5. A BUSCA DE UM MODELO ANIMAL PARA O TOC: O

5.2 Estereotipia comportamental

O conceito de estereotipia tem sido usado para referir-se a comportamentos repetitivos e invariáveis, sem uma função ou uma meta evidente, sendo apresentados comumente por animais em cativeiro, e muitas vezes utilizados como indicadores de empobrecimento ambiental e de comprometimento do bem-estar do indivíduo, (Mason, 1991). Tais estereotipias estabelecem-se ao longo do processo de desenvolvimento ontogenético, e com o tempo podem se tornar independentes do estímulo que originalmente desencadeou seu desempenho. Entre os humanos, estereotipias comportamentais podem ser apresentadas por crianças institucionalizadas, indivíduos encarcerados em instituições fechadas como hospitais psiquiátricos ou prisões, indivíduos com deficiências sensoriais ou desajustamentos psicológicos, aparecendo como sintoma numa série de patologias comportamentais, como autismo, esquizofrenia, transtorno obsessivo compulsivo, drogadicção.

Algumas idéias sobre a compreensão da evolução e do desenvolvimento das estereotipias, em termos causais e funcionais, foram elaboradas em uma pesquisa anterior (Almeida, 1997).

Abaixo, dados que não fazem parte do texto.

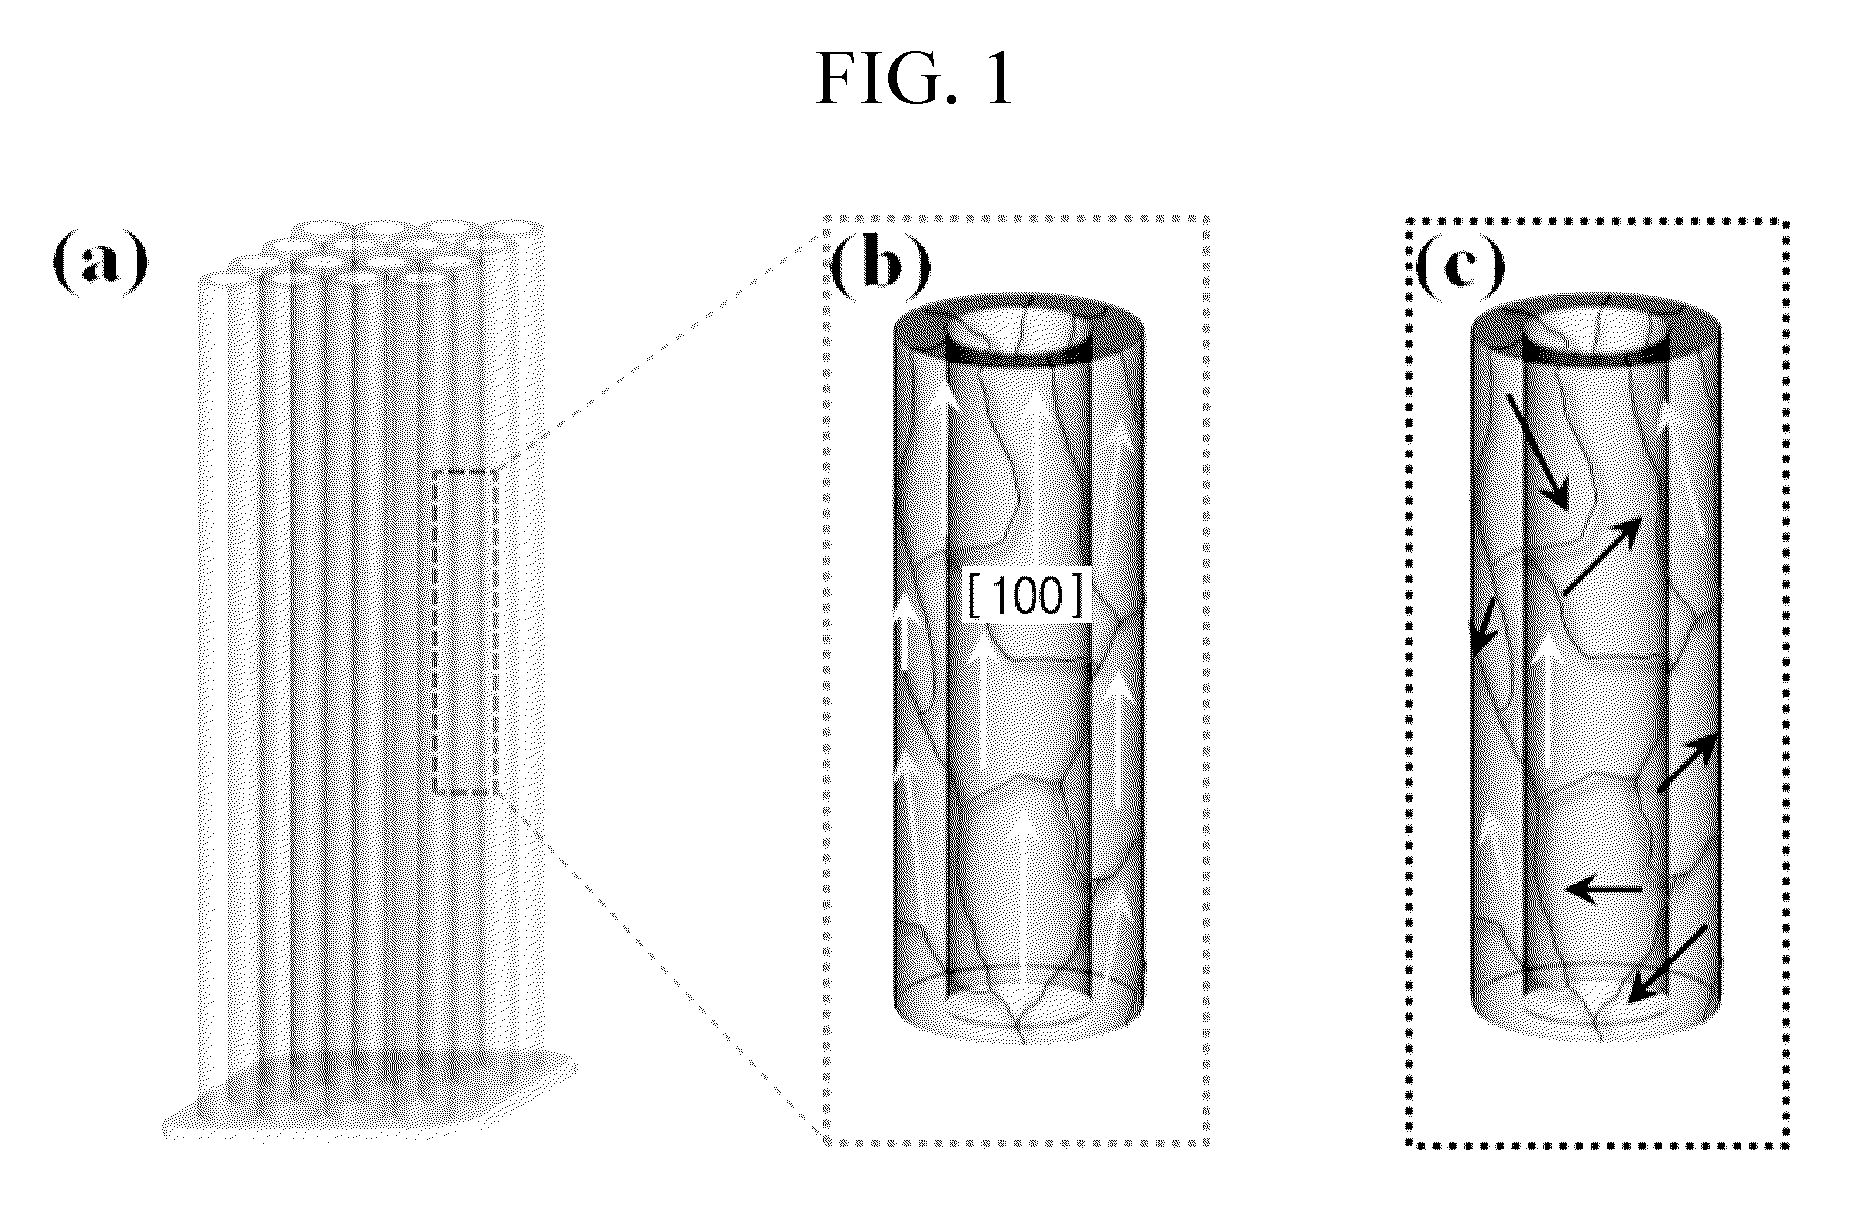 Titanium oxide nano tube material and method for manufacturing the same

Nesta, buscou-se identificar ocorrências de estereotipias comportamentais em macacos-aranha (Ateles paniscus e Ateles belzebuth ) em cativeiro, avaliar as características próprias destas estereotipias, o contexto em que se desencadeiam e as suas possíveis consequências funcionais, bem como levantar hipóteses sobre os padrões comportamentais dos quais estas estereotipias poderiam ter derivado. Os sujeitos foram 11 macacos-aranha, divididos em grupos que ocupavam três ilhas no lago do Zoológico de São Paulo. Os dados foram obtidos através de 10 sessões de vídeo para cada sujeito.Os critérios empregados na delimitação dos padrões considerados estereotipados foram heterogêneos, conforme a definição do conceito utilizada: freqüência alta na ocorrência do padrão, para padrões identificados no etograma da espécie utilizado como referência; repetitividade no desempenho motor do padrão; ausência de uma meta ou função clara; rigidez na forma do padrão comportamental; idiossincrasia.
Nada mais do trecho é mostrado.